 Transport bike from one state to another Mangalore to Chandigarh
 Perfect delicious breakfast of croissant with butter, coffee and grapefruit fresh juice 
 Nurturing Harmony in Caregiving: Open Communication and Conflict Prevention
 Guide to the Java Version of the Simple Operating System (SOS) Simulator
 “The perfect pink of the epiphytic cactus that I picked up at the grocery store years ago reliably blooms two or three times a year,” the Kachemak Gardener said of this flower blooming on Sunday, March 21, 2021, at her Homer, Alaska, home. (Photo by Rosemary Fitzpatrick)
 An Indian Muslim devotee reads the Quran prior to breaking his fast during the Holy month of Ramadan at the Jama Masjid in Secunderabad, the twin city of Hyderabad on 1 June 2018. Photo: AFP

Work instruction | Identify the lines in the entries above that contain "Photo", then copy them out.

Result for this exercise |
 “The perfect pink of the epiphytic cactus that I picked up at the grocery store years ago reliably blooms two or three times a year,” the Kachemak Gardener said of this flower blooming on Sunday, March 21, 2021, at her Homer, Alaska, home. (Photo by Rosemary Fitzpatrick)
 An Indian Muslim devotee reads the Quran prior to breaking his fast during the Holy month of Ramadan at the Jama Masjid in Secunderabad, the twin city of Hyderabad on 1 June 2018. Photo: AFP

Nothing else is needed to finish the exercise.